From this definition alone we find that language models must also be capable of all the implicit tasks present in the training dataset. For example, suppose the training data contained the phrase ‘two plus two equals four’. Given the input ‘two plus two equals’ the function must return ‘four’ if it has minimized the negative log-likelihood of that token. Now suppose the training data also contains the phrase ‘four plus one equals five’ and that now we give the unseen phrase ‘two plus two plus one equals’ and our function returns a token. If our function is sufficiently generalizable, we are almost guaranteed to return ‘five’ because the internal representation of ‘two plus two’ is nearly equivalent to ‘four’ and the model has already learned that ‘four plus one equals five’.

It has been empirically observed that models with more parameters are generally better at these implicit natural language tasks, which typically lie under the umbrella definition of ‘reasoning’ problems. There are a few explanations for why this could be: firstly, larger models entail higher-dimensional space, such that gradient descent is more biased towards generalization, secondly because more parameters imply greater ‘memory’ such that the model can learn more complicated representations of an input (ie ‘three’ being both a word and an implicit number) and thirdly because it is apparent that biological neural networks require a very large number of neurons to deal with language relative to other tasks, such as object recognition.

But when we have observed that although larger models (~1 billion as opposed to 100 million parameters) tend to have less repetition, they are no noticeably better at input representation than smaller models (~100M parameters).
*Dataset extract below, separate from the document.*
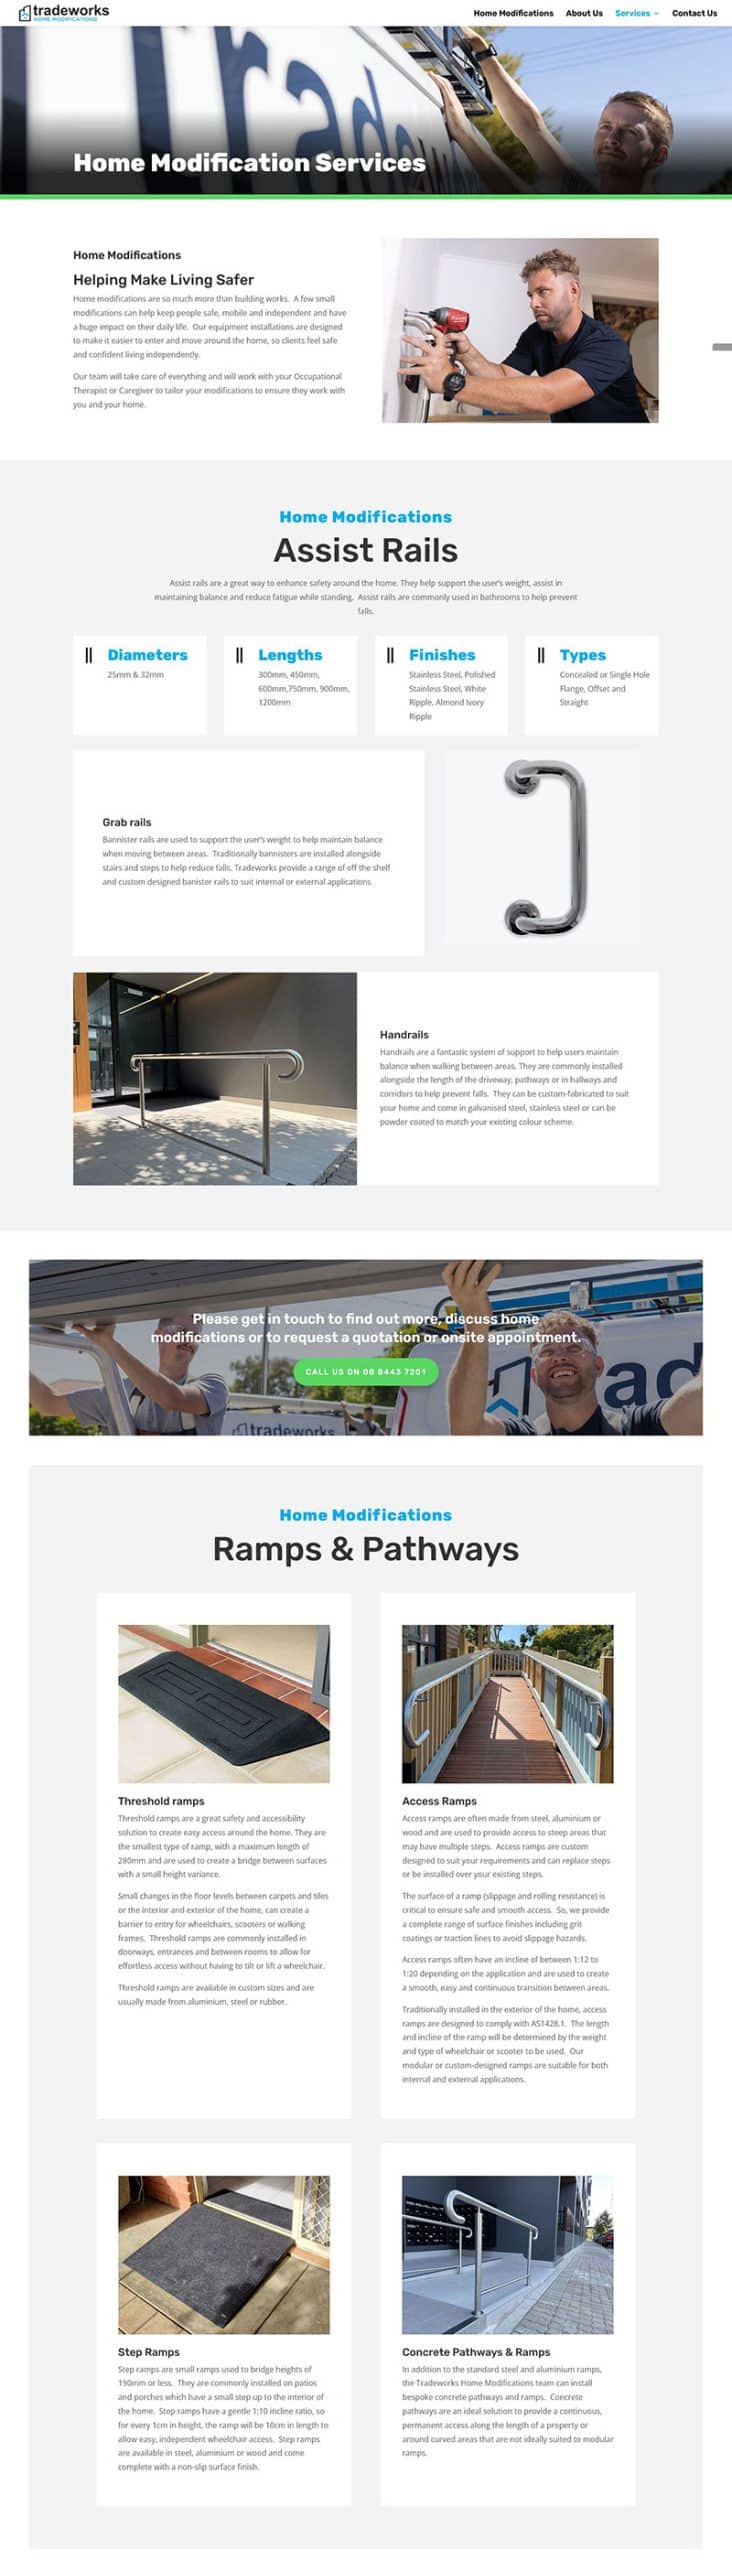 website design for home modifiction builder business in adelaide

Do even larger models fail to exhibit accurate input representation? We can investigate by observing the ability of our gradient descent procedure to autoencode an input from transformer models of a trained GPT-J model, which contains ~6B parameters. To save memory, we can load the parameters in 8-bit format using bitsandbytes

load_8bit = True
tokenizer = AutoTokenizer.from_pretrained("EleutherAI/gpt-j-6b")
model = AutoModelForCausalLM.from_pretrained("EleutherAI/gpt-j-6b", load_in_8bit=load_8bit, device_map='auto')

GPT-J, like Llama and other transformer models used today, employs Rotary Positional Encoding that is applied to each attention module (introduced by Su and colleagues). This means that there is no wpe transformation to invert, but we instead have to supply the appropriate positional information as position_ids to each transformer block. Using the indirect input generation method in which gradient descent is performed on the first hidden layer before the resulting tensor is inverted, the modifed version of a trained GPT-J model may be specified as follows

class AbbreviatedGPT(nn.Module):

    def __init__(self, model):
        super().__init__()
        self.model = model

    def forward(self, x: torch.Tensor):
        position_ids = torch.tensor([i for i in range(x.shape[1])])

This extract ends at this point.